But yeah, he needs to be conditioned. He's got the right physiology to get ripped up pretty easily, seeing he's all ready muscular and he lived his life on a short chain. Ran him a bit yesterday, he seems to enjoy it. Think he will LOVE the pull work. Can't wait to get started.

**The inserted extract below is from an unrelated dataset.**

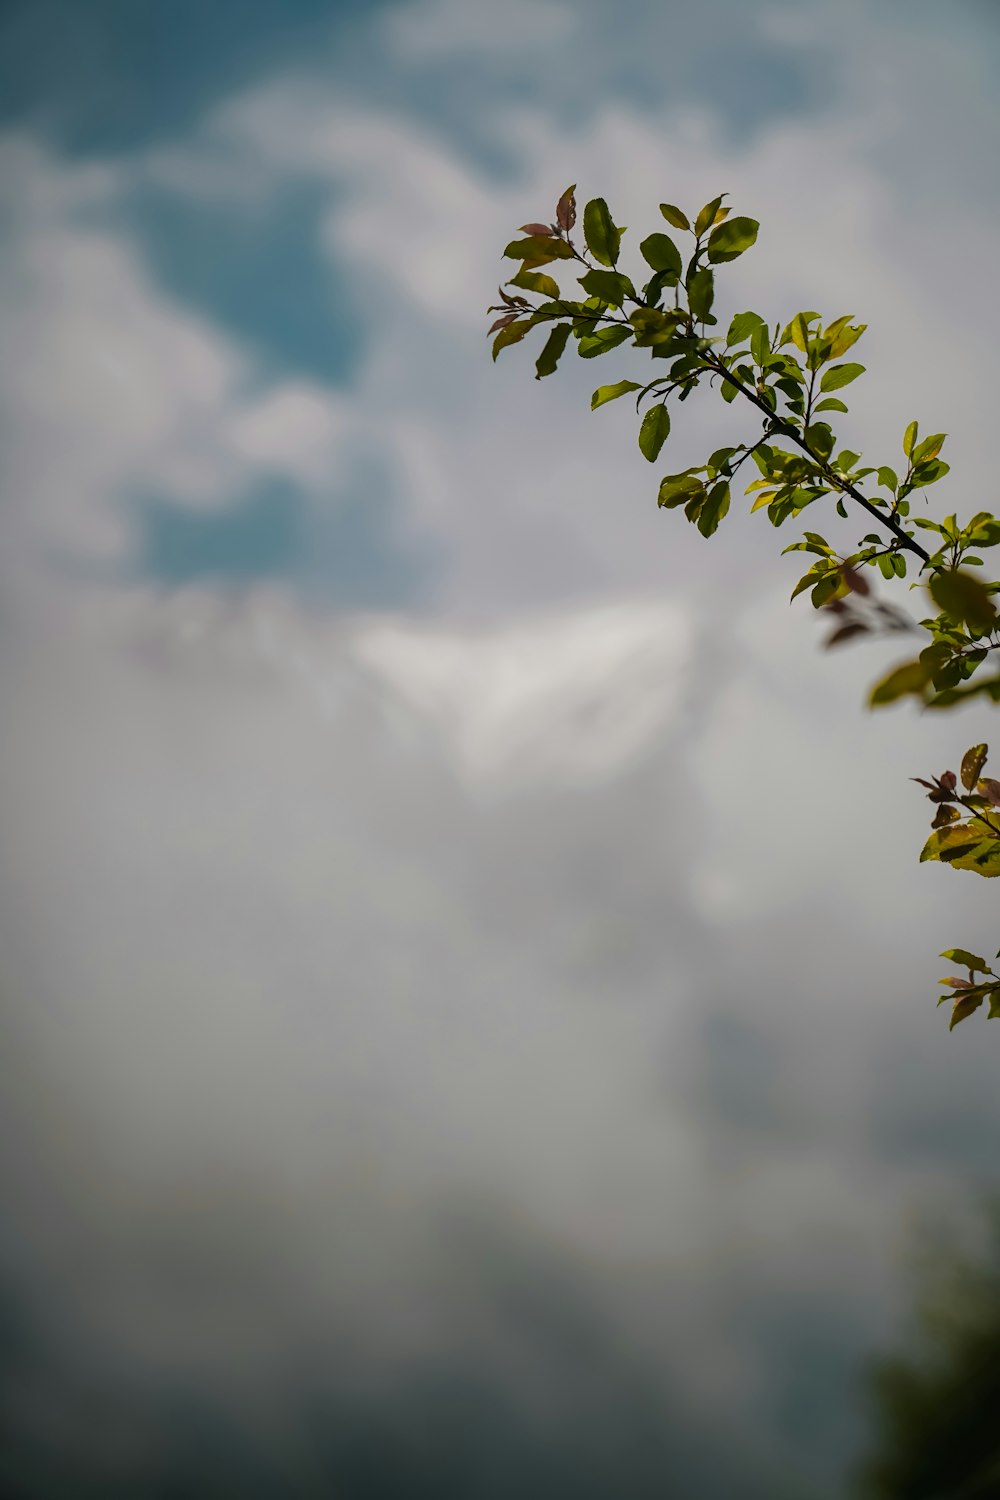 a tree branch with green leaves in front of a cloudy sky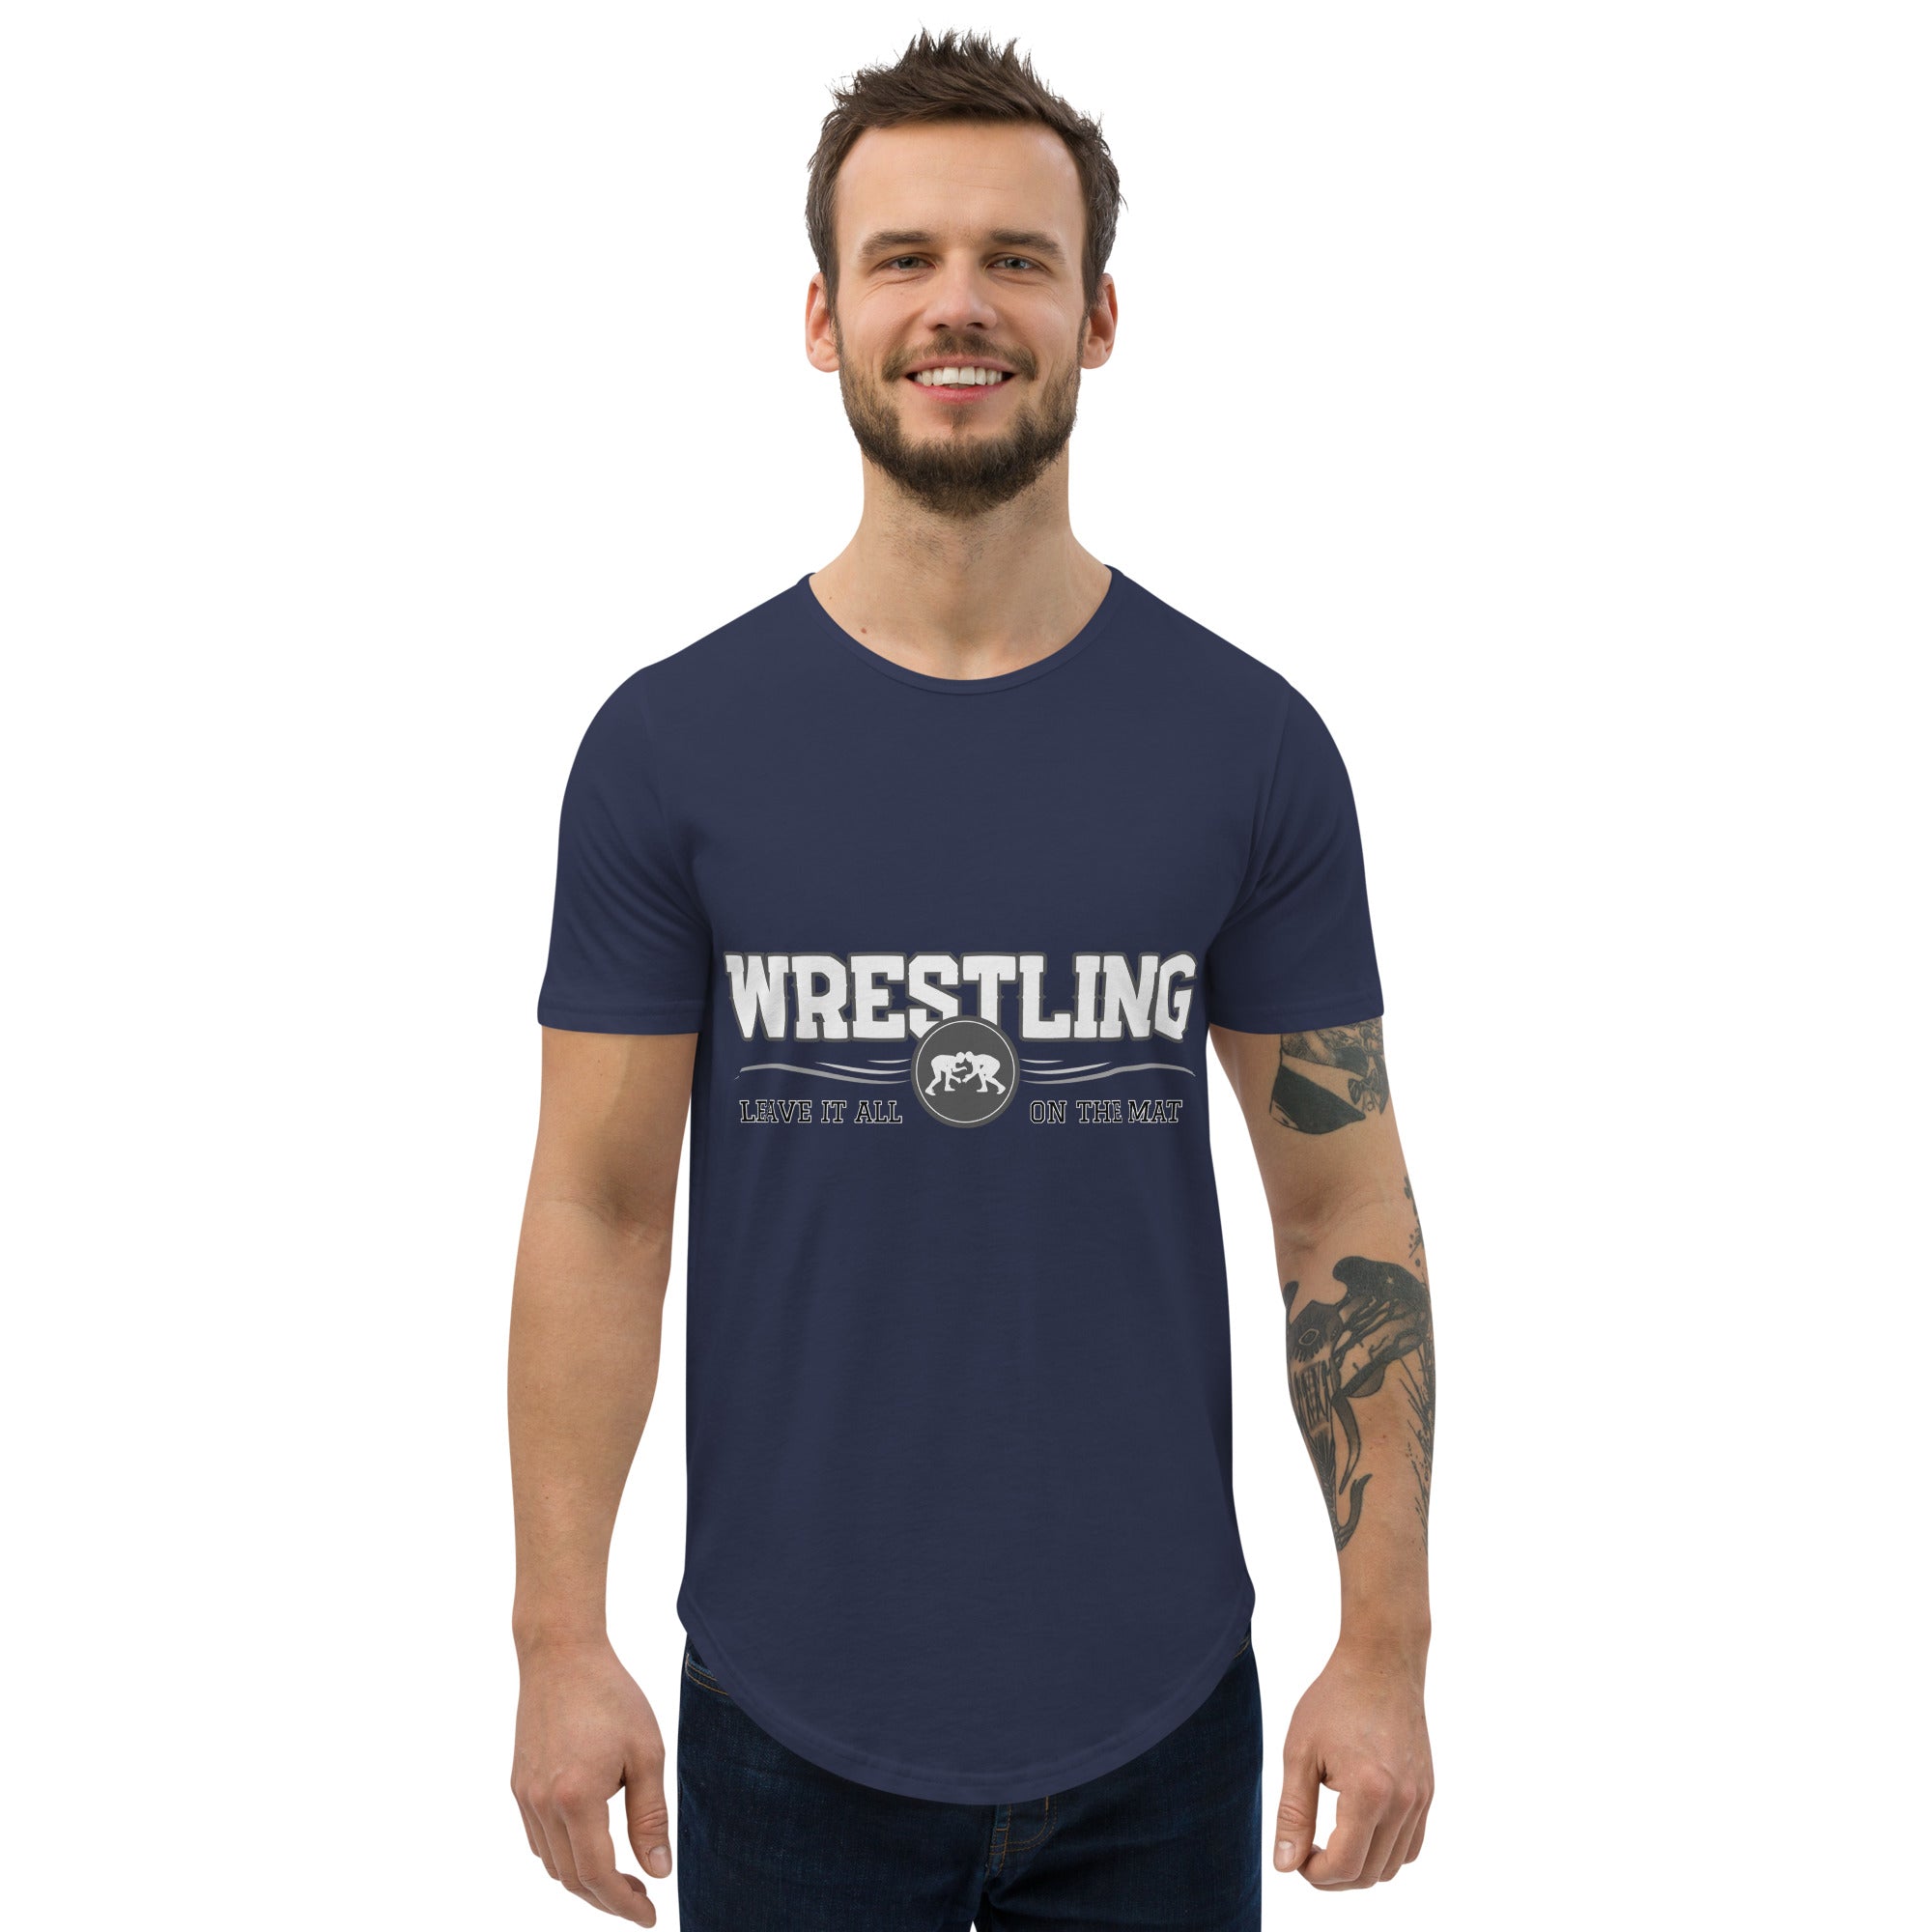 Leave It All On The Mat Curved Hem T-Shirt Iron Fist Wrestling Men's Curved Hem T-Shirt, Wrestling T-shirt

He's still stressing about the move though. He has only left the kennel 3 times in his life, so he's taking a little while to adapt to his environment. He has panted pretty much non-stop since he's been here due to stress. He sticks right by me when I have him in the yard and follows me around. Something I didn't expect from a dog with such a dominant/serious temperament. Figured he'd be out exploring and pretty much ignoring me, but not the case. He's real smart, looks me in the face all the time, which is a good sign. I appreciate a dog that looks me in the face, lol.

---
Well, we did some pulling today! He did GREAT @ 350#


----------



## Indica (Sep 23, 2008)

Sire's Pedigree
ONLINE PEDIGREES :: [160738] :: PETERSON'S BAD BULL

Dam: PR DELOATCH/PETERSON'S BERTHA 
No online pedigree for her, I'll have to put it in myself.


----------



## GodBlessPitbulls (Aug 23, 2009)

Sorry but, I am confused.Is he a Pitbull,or Amstaff .?Or what?


----------



## Indigo Bully Connection (Dec 21, 2006)

he's an American Bully


----------



## hell no they wont go (Oct 4, 2007)

now that is what you call a nice looken bully!!!!


----------



## Indica (Sep 23, 2008)

hell no they wont go said:


> now that is what you call a nice looken bully!!!!


Why thank you!



Will post some work pics today.


----------



## kbfpits (Apr 4, 2010)

very nice stud he's a pure peterson male had a boy off him here's a pic ur BO/A GIRL NAMED BILLY,BREEDING..!!..!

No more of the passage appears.